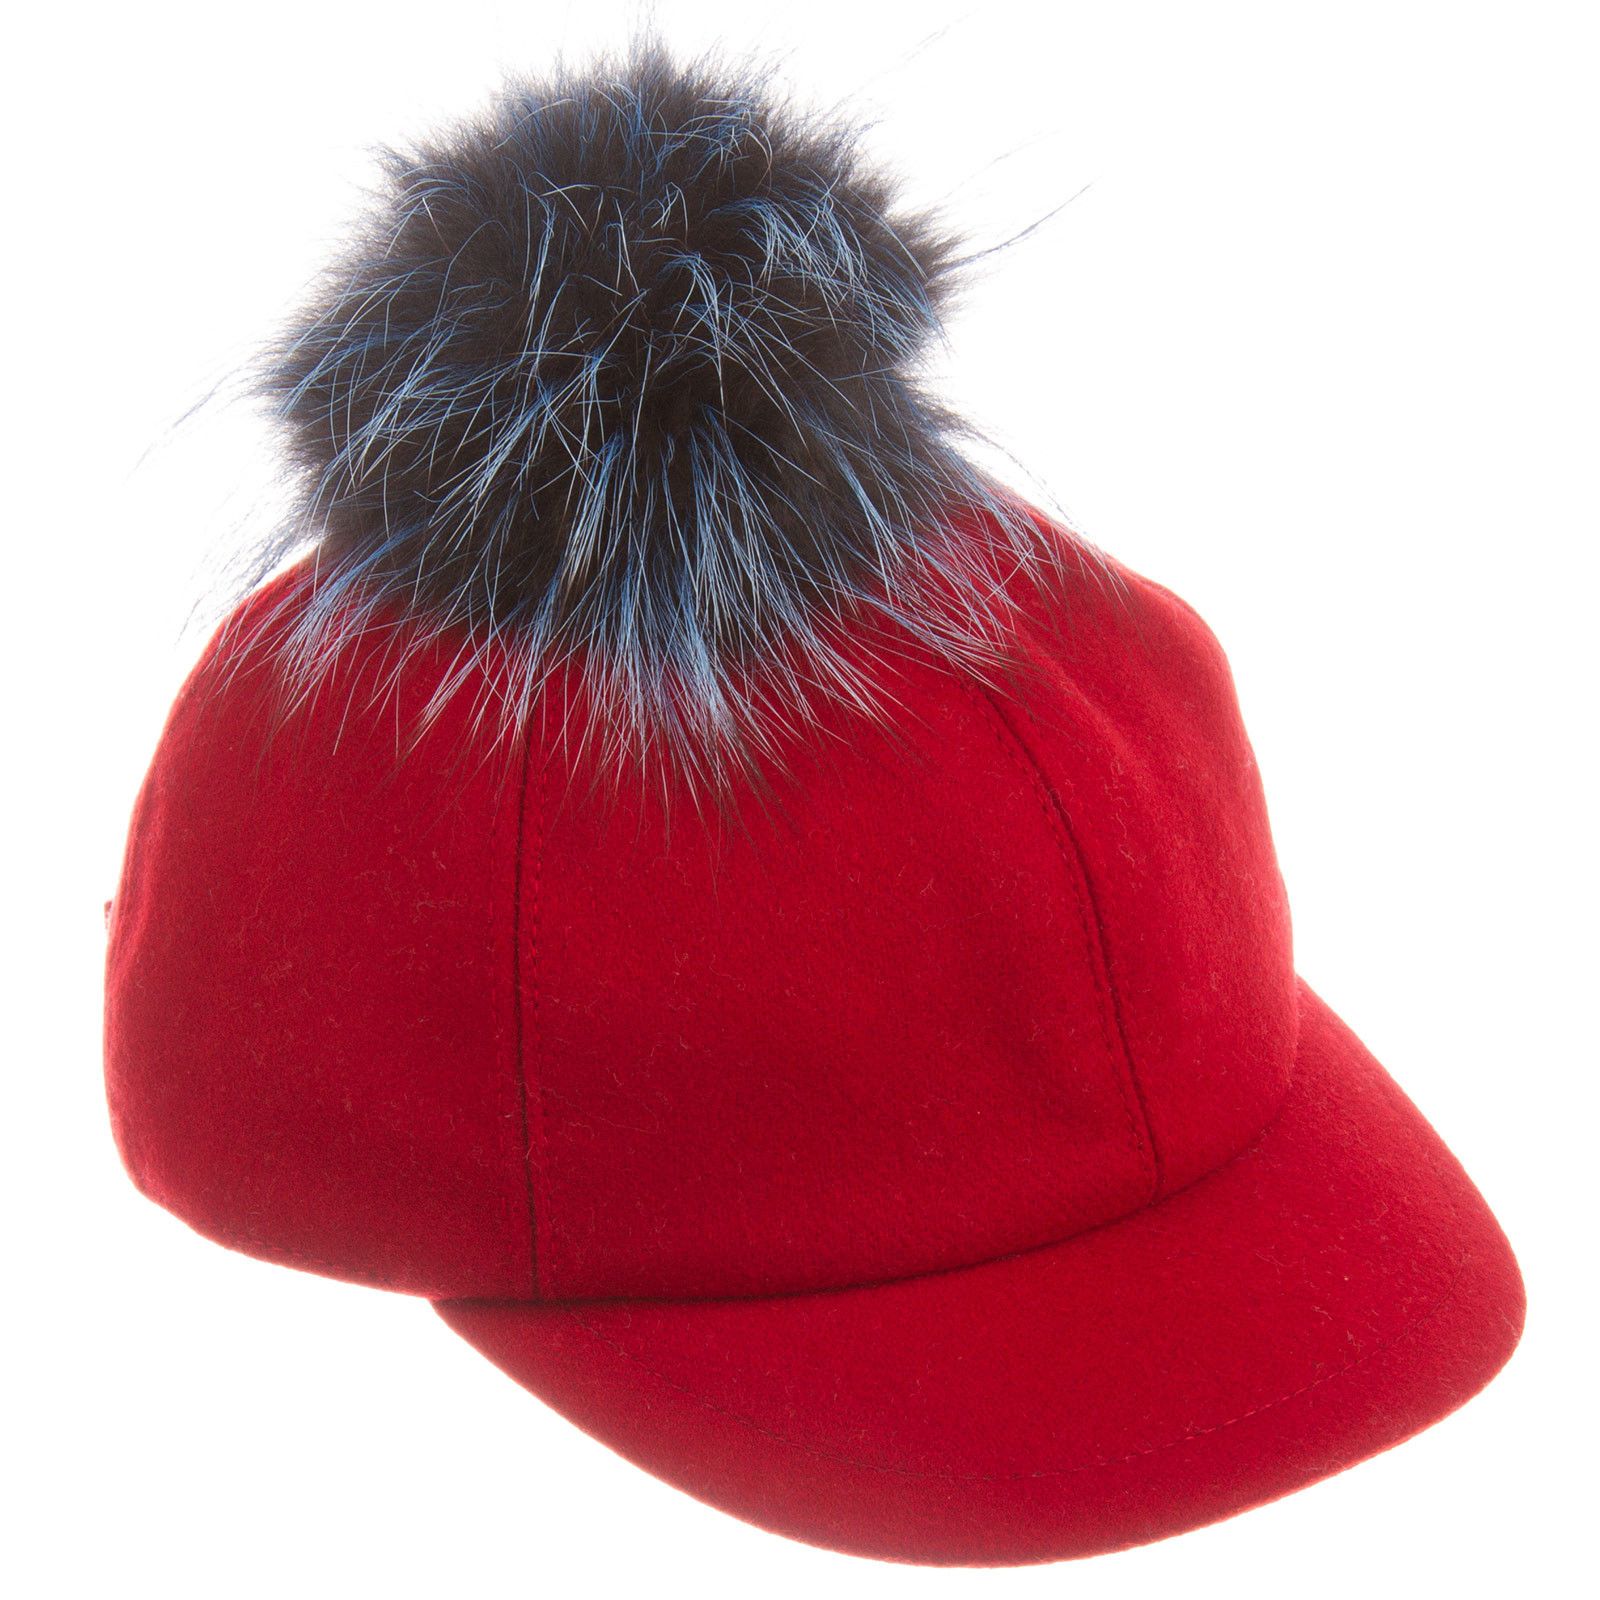 Girls Red Wool Cap With Blue Fur Trim - CÉMAROSE | Children's Fashion Store - 1
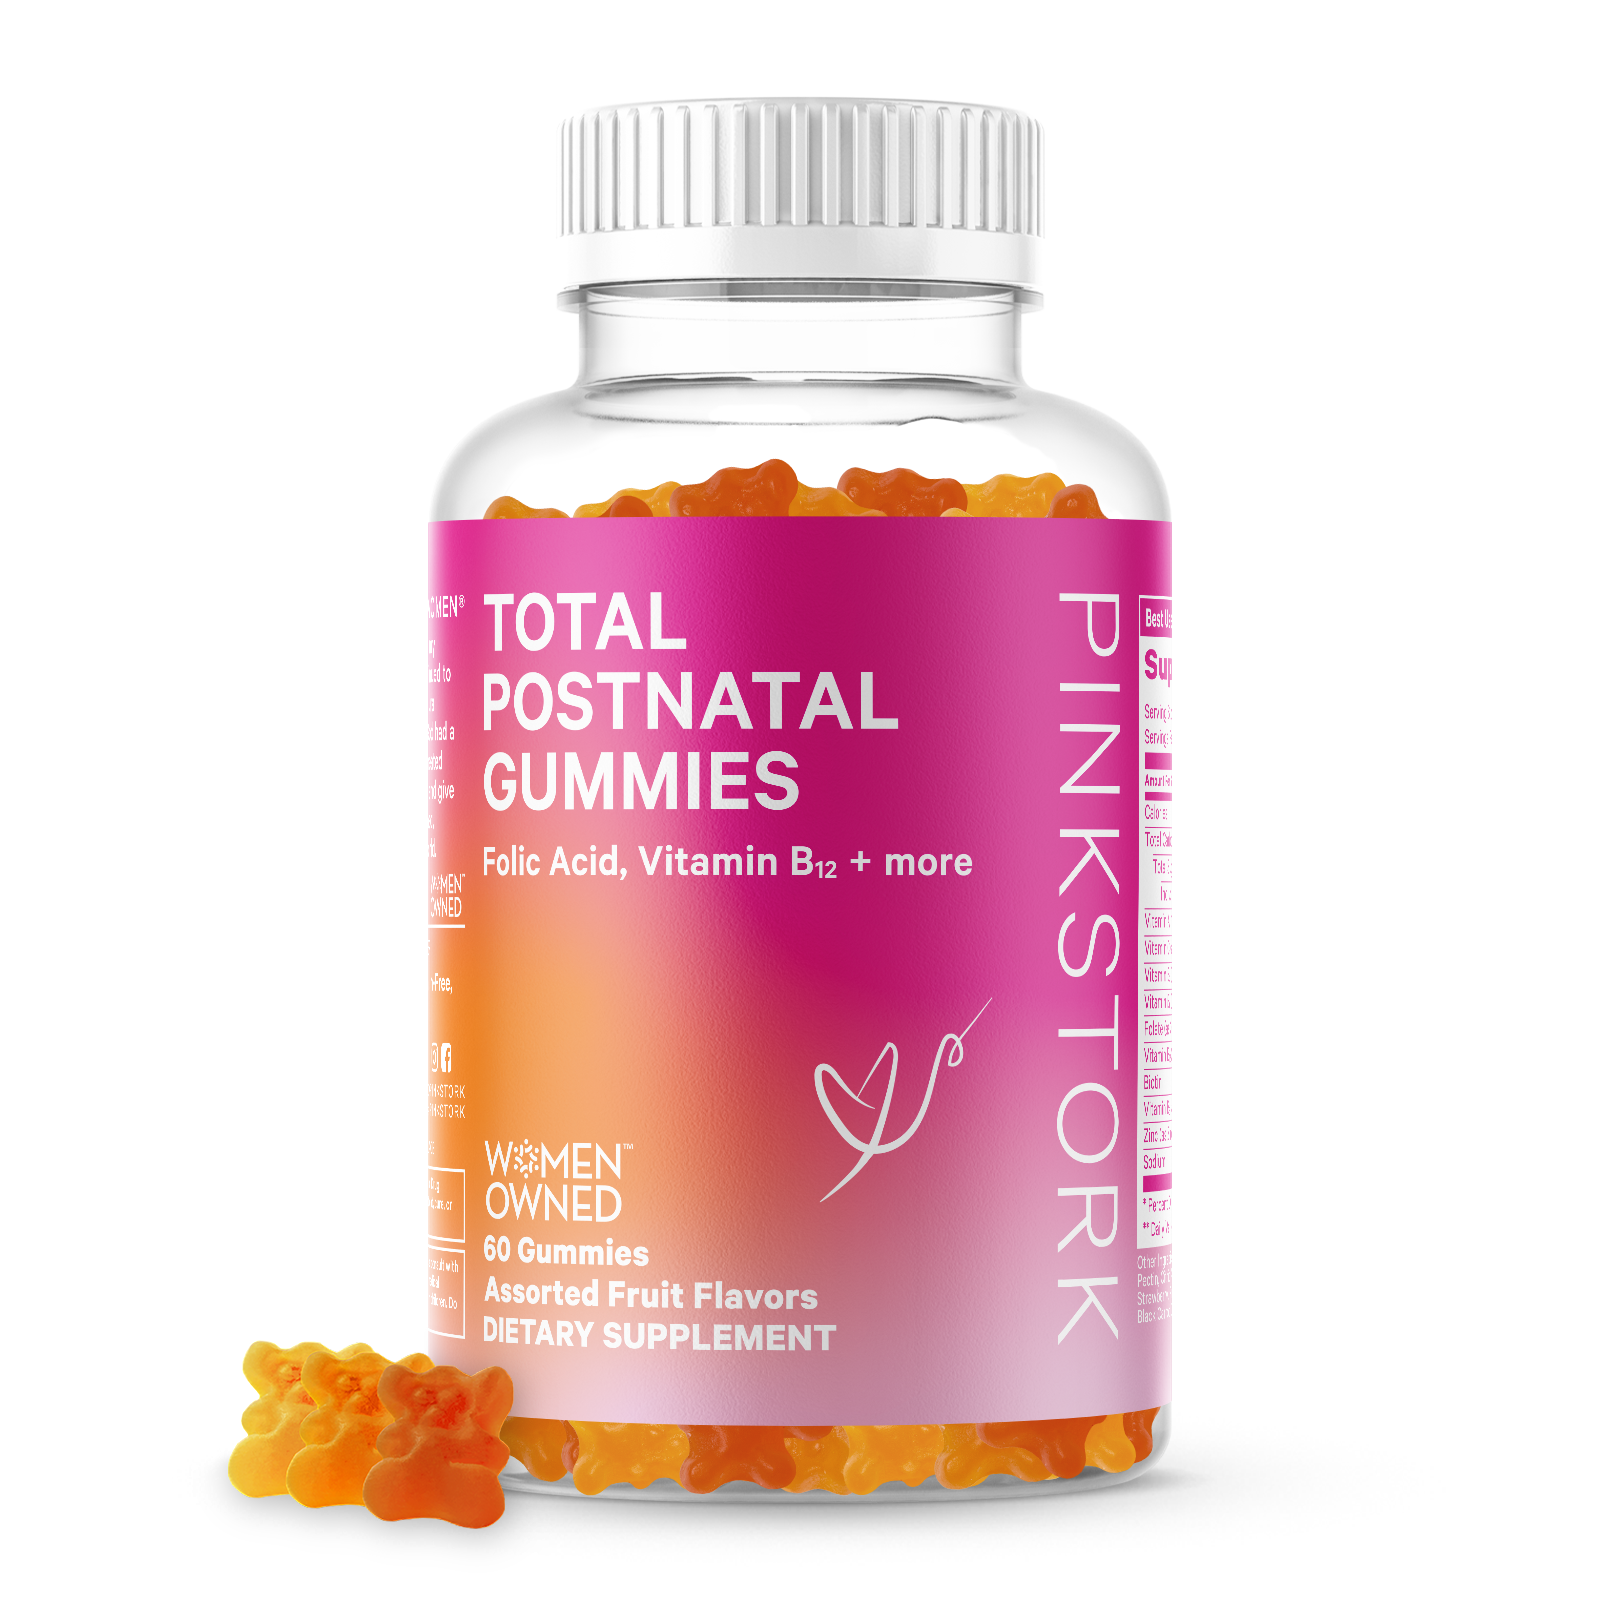 Total Postnatal Gummies
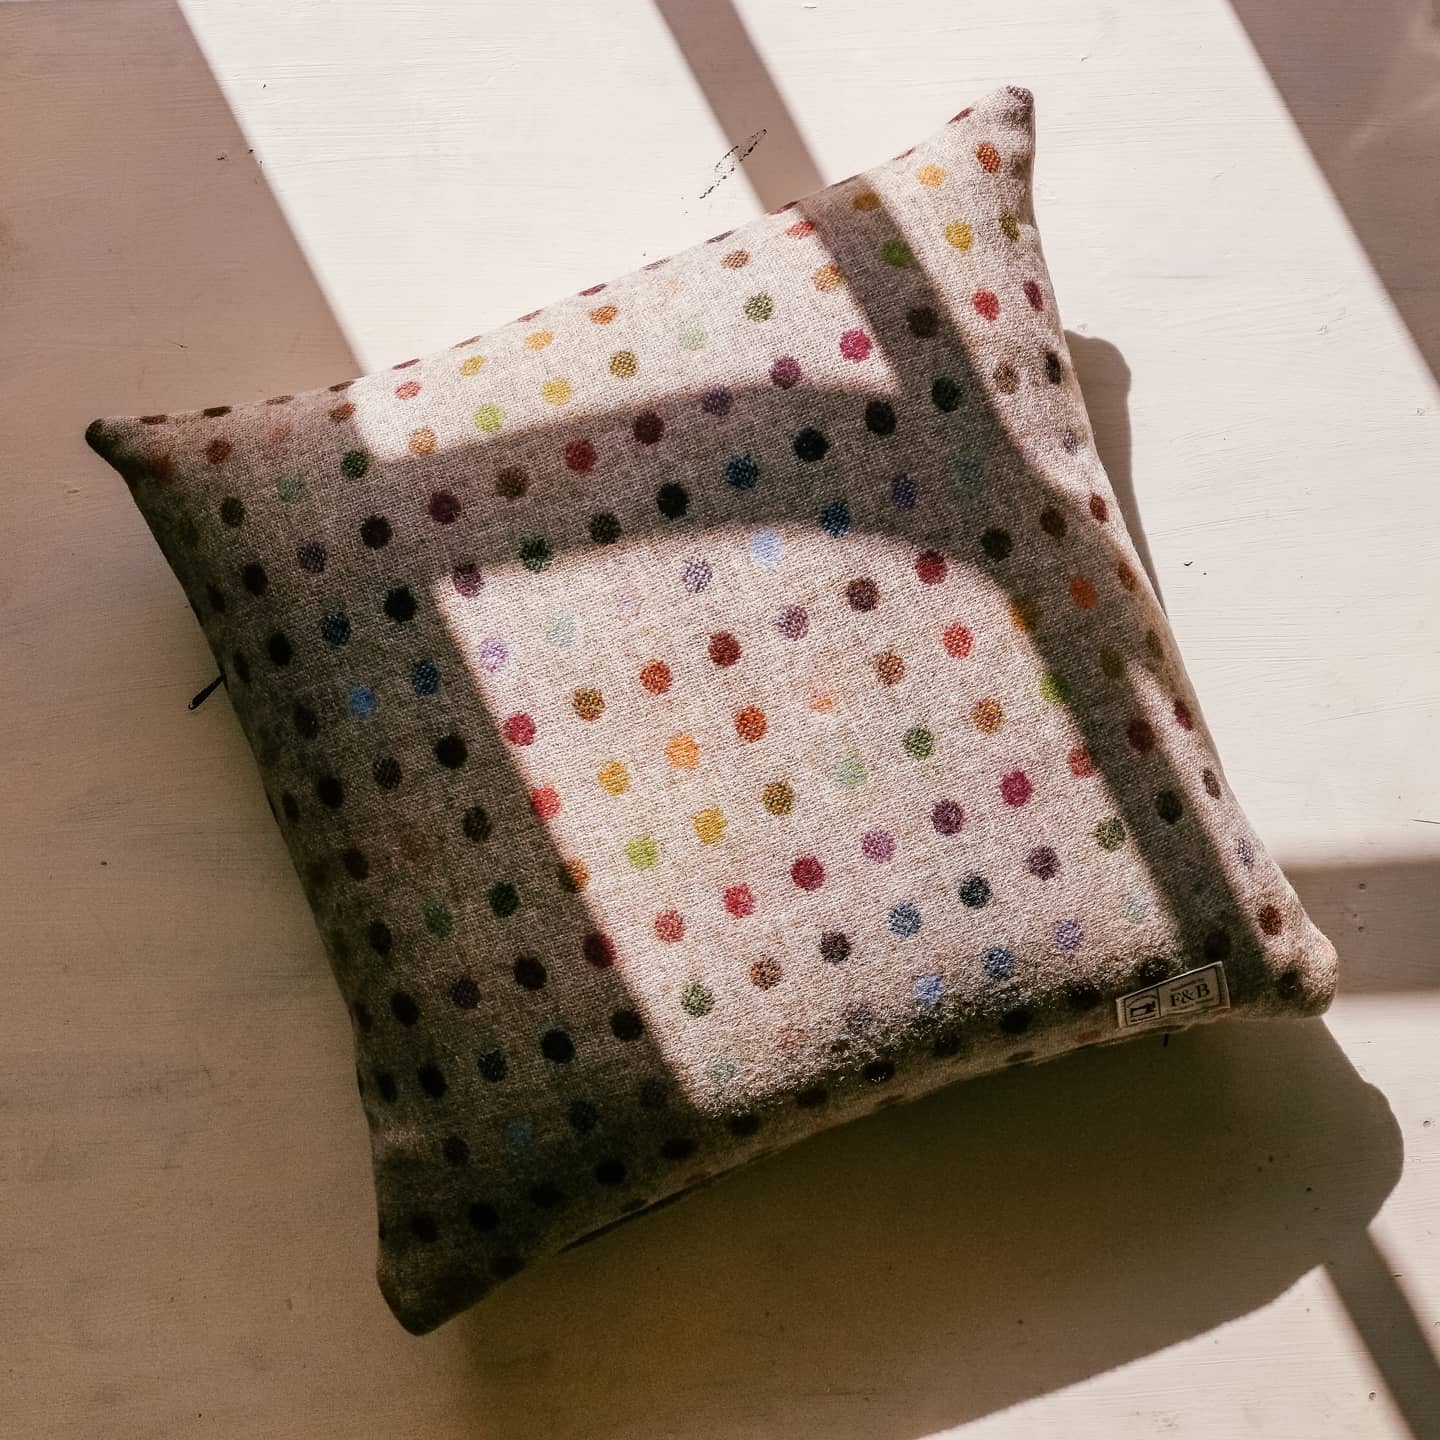 Multispot Cushion - Abraham Moon - F&B Crafts - F&B Handmade

________________

▶ **Task directions**: Could you set down the data exactly as given, minus its pictures?

▶ **Task output**:
 Girls Red Wool Cap With Blue Fur Trim - CÉMAROSE | Children's Fashion Store - 1
 Total Postnatal Gummies
 Multispot Cushion - Abraham Moon - F&B Crafts - F&B Handmade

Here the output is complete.